• [What is being asked]:
Top to bottom, every record is to be copied word for word.

Dataset entries:

■ ■ ■ ■ ■

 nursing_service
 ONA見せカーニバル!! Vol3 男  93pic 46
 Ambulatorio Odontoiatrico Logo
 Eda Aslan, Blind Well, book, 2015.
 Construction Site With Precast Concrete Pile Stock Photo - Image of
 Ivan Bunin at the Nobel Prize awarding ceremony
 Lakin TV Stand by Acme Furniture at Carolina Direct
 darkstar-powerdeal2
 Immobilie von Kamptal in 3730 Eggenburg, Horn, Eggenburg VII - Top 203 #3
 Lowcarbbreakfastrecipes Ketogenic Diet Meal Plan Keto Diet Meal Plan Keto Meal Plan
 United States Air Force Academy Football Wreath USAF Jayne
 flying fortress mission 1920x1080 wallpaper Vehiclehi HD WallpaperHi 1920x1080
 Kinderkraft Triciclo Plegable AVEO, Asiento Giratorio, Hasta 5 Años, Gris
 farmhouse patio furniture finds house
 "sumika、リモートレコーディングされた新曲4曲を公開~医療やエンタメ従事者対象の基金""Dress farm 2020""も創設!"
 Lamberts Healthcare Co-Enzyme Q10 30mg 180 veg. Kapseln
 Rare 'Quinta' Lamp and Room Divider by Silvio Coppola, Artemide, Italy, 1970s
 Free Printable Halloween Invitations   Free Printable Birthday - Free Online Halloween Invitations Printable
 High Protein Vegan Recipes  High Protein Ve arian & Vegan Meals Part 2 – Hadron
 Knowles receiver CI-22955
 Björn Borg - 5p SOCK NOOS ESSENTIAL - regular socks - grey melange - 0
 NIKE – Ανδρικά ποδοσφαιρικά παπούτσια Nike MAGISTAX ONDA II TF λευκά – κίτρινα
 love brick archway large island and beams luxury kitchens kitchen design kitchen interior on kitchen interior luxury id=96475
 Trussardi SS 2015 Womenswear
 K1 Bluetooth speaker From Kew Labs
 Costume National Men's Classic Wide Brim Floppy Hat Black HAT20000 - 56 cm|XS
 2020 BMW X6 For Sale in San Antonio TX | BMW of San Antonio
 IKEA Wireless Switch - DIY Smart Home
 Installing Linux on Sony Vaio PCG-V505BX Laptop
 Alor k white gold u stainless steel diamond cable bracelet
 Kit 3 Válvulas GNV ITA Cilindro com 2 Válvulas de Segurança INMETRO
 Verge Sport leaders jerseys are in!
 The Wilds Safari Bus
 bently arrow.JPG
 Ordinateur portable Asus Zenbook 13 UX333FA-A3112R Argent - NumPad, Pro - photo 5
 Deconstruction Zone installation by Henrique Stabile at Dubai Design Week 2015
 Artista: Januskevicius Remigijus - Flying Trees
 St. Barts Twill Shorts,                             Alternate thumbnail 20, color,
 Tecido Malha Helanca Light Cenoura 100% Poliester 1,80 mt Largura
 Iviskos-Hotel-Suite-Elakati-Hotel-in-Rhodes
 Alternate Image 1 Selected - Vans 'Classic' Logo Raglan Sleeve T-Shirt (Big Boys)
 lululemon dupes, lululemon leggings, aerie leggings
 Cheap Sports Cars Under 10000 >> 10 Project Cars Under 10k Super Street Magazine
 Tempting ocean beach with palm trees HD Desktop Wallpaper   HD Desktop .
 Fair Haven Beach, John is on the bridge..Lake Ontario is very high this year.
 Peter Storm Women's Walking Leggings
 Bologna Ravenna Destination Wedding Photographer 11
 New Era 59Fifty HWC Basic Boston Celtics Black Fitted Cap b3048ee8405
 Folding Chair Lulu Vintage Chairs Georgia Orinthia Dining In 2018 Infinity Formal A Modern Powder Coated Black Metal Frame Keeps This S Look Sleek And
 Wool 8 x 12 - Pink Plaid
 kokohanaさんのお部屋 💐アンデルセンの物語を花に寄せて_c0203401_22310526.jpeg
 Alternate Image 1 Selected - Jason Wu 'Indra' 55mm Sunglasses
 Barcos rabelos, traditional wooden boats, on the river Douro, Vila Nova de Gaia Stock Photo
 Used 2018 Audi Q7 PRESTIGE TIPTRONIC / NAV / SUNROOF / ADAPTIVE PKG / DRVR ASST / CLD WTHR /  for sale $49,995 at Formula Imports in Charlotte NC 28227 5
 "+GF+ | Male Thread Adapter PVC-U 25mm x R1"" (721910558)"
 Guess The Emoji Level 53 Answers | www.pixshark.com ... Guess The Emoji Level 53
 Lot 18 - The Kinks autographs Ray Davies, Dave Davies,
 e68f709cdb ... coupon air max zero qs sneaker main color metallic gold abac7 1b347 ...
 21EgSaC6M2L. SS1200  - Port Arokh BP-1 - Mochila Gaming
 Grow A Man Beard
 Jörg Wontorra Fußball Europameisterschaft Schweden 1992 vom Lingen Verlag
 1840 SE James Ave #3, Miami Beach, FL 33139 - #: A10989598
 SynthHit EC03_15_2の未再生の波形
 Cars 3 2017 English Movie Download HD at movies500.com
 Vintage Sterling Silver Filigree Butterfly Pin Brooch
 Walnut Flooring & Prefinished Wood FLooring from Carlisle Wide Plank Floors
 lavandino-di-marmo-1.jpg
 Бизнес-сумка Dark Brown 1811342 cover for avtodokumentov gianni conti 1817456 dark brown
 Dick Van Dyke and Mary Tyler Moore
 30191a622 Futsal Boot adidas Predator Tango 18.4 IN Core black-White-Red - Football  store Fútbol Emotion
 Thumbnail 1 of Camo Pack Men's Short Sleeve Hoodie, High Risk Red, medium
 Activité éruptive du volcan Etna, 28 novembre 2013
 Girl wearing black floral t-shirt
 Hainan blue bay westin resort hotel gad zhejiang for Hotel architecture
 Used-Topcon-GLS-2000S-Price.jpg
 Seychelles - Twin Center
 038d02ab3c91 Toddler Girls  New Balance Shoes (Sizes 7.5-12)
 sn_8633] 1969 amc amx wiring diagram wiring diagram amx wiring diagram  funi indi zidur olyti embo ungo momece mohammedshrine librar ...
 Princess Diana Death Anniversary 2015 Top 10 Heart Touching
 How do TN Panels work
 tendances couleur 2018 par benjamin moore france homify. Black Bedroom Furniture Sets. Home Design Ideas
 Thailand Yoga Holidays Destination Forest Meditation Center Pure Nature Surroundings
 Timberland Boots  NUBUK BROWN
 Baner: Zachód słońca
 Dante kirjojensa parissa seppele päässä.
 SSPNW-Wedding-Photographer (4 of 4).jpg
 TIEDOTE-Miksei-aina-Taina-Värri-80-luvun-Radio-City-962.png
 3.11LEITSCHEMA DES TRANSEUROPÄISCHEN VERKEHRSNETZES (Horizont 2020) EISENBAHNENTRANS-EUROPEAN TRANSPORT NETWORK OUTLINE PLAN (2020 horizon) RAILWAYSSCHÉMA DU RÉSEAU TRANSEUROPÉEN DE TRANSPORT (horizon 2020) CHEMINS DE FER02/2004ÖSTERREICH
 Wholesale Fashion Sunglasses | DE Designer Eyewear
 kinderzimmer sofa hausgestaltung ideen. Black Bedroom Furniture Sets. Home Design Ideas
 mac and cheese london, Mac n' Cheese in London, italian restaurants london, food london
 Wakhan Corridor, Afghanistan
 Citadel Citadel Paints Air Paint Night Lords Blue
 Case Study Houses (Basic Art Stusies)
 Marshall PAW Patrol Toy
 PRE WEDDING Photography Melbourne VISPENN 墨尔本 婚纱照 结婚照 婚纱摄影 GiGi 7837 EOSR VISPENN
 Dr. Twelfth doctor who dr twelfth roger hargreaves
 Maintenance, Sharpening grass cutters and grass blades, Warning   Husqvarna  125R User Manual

■ ■ ■ ■ ■

• [Expected answer]:
 nursing_service
 ONA見せカーニバル!! Vol3 男  93pic 46
 Ambulatorio Odontoiatrico Logo
 Eda Aslan, Blind Well, book, 2015.
 Construction Site With Precast Concrete Pile Stock Photo - Image of
 Ivan Bunin at the Nobel Prize awarding ceremony
 Lakin TV Stand by Acme Furniture at Carolina Direct
 darkstar-powerdeal2
 Immobilie von Kamptal in 3730 Eggenburg, Horn, Eggenburg VII - Top 203 #3
 Lowcarbbreakfastrecipes Ketogenic Diet Meal Plan Keto Diet Meal Plan Keto Meal Plan
 United States Air Force Academy Football Wreath USAF Jayne
 flying fortress mission 1920x1080 wallpaper Vehiclehi HD WallpaperHi 1920x1080
 Kinderkraft Triciclo Plegable AVEO, Asiento Giratorio, Hasta 5 Años, Gris
 farmhouse patio furniture finds house
 "sumika、リモートレコーディングされた新曲4曲を公開~医療やエンタメ従事者対象の基金""Dress farm 2020""も創設!"
 Lamberts Healthcare Co-Enzyme Q10 30mg 180 veg. Kapseln
 Rare 'Quinta' Lamp and Room Divider by Silvio Coppola, Artemide, Italy, 1970s
 Free Printable Halloween Invitations   Free Printable Birthday - Free Online Halloween Invitations Printable
 High Protein Vegan Recipes  High Protein Ve arian & Vegan Meals Part 2 – Hadron
 Knowles receiver CI-22955
 Björn Borg - 5p SOCK NOOS ESSENTIAL - regular socks - grey melange - 0
 NIKE – Ανδρικά ποδοσφαιρικά παπούτσια Nike MAGISTAX ONDA II TF λευκά – κίτρινα
 love brick archway large island and beams luxury kitchens kitchen design kitchen interior on kitchen interior luxury id=96475
 Trussardi SS 2015 Womenswear
 K1 Bluetooth speaker From Kew Labs
 Costume National Men's Classic Wide Brim Floppy Hat Black HAT20000 - 56 cm|XS
 2020 BMW X6 For Sale in San Antonio TX | BMW of San Antonio
 IKEA Wireless Switch - DIY Smart Home
 Installing Linux on Sony Vaio PCG-V505BX Laptop
 Alor k white gold u stainless steel diamond cable bracelet
 Kit 3 Válvulas GNV ITA Cilindro com 2 Válvulas de Segurança INMETRO
 Verge Sport leaders jerseys are in!
 The Wilds Safari Bus
 bently arrow.JPG
 Ordinateur portable Asus Zenbook 13 UX333FA-A3112R Argent - NumPad, Pro - photo 5
 Deconstruction Zone installation by Henrique Stabile at Dubai Design Week 2015
 Artista: Januskevicius Remigijus - Flying Trees
 St. Barts Twill Shorts,                             Alternate thumbnail 20, color,
 Tecido Malha Helanca Light Cenoura 100% Poliester 1,80 mt Largura
 Iviskos-Hotel-Suite-Elakati-Hotel-in-Rhodes
 Alternate Image 1 Selected - Vans 'Classic' Logo Raglan Sleeve T-Shirt (Big Boys)
 lululemon dupes, lululemon leggings, aerie leggings
 Cheap Sports Cars Under 10000 >> 10 Project Cars Under 10k Super Street Magazine
 Tempting ocean beach with palm trees HD Desktop Wallpaper   HD Desktop .
 Fair Haven Beach, John is on the bridge..Lake Ontario is very high this year.
 Peter Storm Women's Walking Leggings
 Bologna Ravenna Destination Wedding Photographer 11
 New Era 59Fifty HWC Basic Boston Celtics Black Fitted Cap b3048ee8405
 Folding Chair Lulu Vintage Chairs Georgia Orinthia Dining In 2018 Infinity Formal A Modern Powder Coated Black Metal Frame Keeps This S Look Sleek And
 Wool 8 x 12 - Pink Plaid
 kokohanaさんのお部屋 💐アンデルセンの物語を花に寄せて_c0203401_22310526.jpeg
 Alternate Image 1 Selected - Jason Wu 'Indra' 55mm Sunglasses
 Barcos rabelos, traditional wooden boats, on the river Douro, Vila Nova de Gaia Stock Photo
 Used 2018 Audi Q7 PRESTIGE TIPTRONIC / NAV / SUNROOF / ADAPTIVE PKG / DRVR ASST / CLD WTHR /  for sale $49,995 at Formula Imports in Charlotte NC 28227 5
 "+GF+ | Male Thread Adapter PVC-U 25mm x R1"" (721910558)"
 Guess The Emoji Level 53 Answers | www.pixshark.com ... Guess The Emoji Level 53
 Lot 18 - The Kinks autographs Ray Davies, Dave Davies,
 e68f709cdb ... coupon air max zero qs sneaker main color metallic gold abac7 1b347 ...
 21EgSaC6M2L. SS1200  - Port Arokh BP-1 - Mochila Gaming
 Grow A Man Beard
 Jörg Wontorra Fußball Europameisterschaft Schweden 1992 vom Lingen Verlag
 1840 SE James Ave #3, Miami Beach, FL 33139 - #: A10989598
 SynthHit EC03_15_2の未再生の波形
 Cars 3 2017 English Movie Download HD at movies500.com
 Vintage Sterling Silver Filigree Butterfly Pin Brooch
 Walnut Flooring & Prefinished Wood FLooring from Carlisle Wide Plank Floors
 lavandino-di-marmo-1.jpg
 Бизнес-сумка Dark Brown 1811342 cover for avtodokumentov gianni conti 1817456 dark brown
 Dick Van Dyke and Mary Tyler Moore
 30191a622 Futsal Boot adidas Predator Tango 18.4 IN Core black-White-Red - Football  store Fútbol Emotion
 Thumbnail 1 of Camo Pack Men's Short Sleeve Hoodie, High Risk Red, medium
 Activité éruptive du volcan Etna, 28 novembre 2013
 Girl wearing black floral t-shirt
 Hainan blue bay westin resort hotel gad zhejiang for Hotel architecture
 Used-Topcon-GLS-2000S-Price.jpg
 Seychelles - Twin Center
 038d02ab3c91 Toddler Girls  New Balance Shoes (Sizes 7.5-12)
 sn_8633] 1969 amc amx wiring diagram wiring diagram amx wiring diagram  funi indi zidur olyti embo ungo momece mohammedshrine librar ...
 Princess Diana Death Anniversary 2015 Top 10 Heart Touching
 How do TN Panels work
 tendances couleur 2018 par benjamin moore france homify. Black Bedroom Furniture Sets. Home Design Ideas
 Thailand Yoga Holidays Destination Forest Meditation Center Pure Nature Surroundings
 Timberland Boots  NUBUK BROWN
 Baner: Zachód słońca
 Dante kirjojensa parissa seppele päässä.
 SSPNW-Wedding-Photographer (4 of 4).jpg
 TIEDOTE-Miksei-aina-Taina-Värri-80-luvun-Radio-City-962.png
 3.11LEITSCHEMA DES TRANSEUROPÄISCHEN VERKEHRSNETZES (Horizont 2020) EISENBAHNENTRANS-EUROPEAN TRANSPORT NETWORK OUTLINE PLAN (2020 horizon) RAILWAYSSCHÉMA DU RÉSEAU TRANSEUROPÉEN DE TRANSPORT (horizon 2020) CHEMINS DE FER02/2004ÖSTERREICH
 Wholesale Fashion Sunglasses | DE Designer Eyewear
 kinderzimmer sofa hausgestaltung ideen. Black Bedroom Furniture Sets. Home Design Ideas
 mac and cheese london, Mac n' Cheese in London, italian restaurants london, food london
 Wakhan Corridor, Afghanistan
 Citadel Citadel Paints Air Paint Night Lords Blue
 Case Study Houses (Basic Art Stusies)
 Marshall PAW Patrol Toy
 PRE WEDDING Photography Melbourne VISPENN 墨尔本 婚纱照 结婚照 婚纱摄影 GiGi 7837 EOSR VISPENN
 Dr. Twelfth doctor who dr twelfth roger hargreaves
 Maintenance, Sharpening grass cutters and grass blades, Warning   Husqvarna  125R User Manual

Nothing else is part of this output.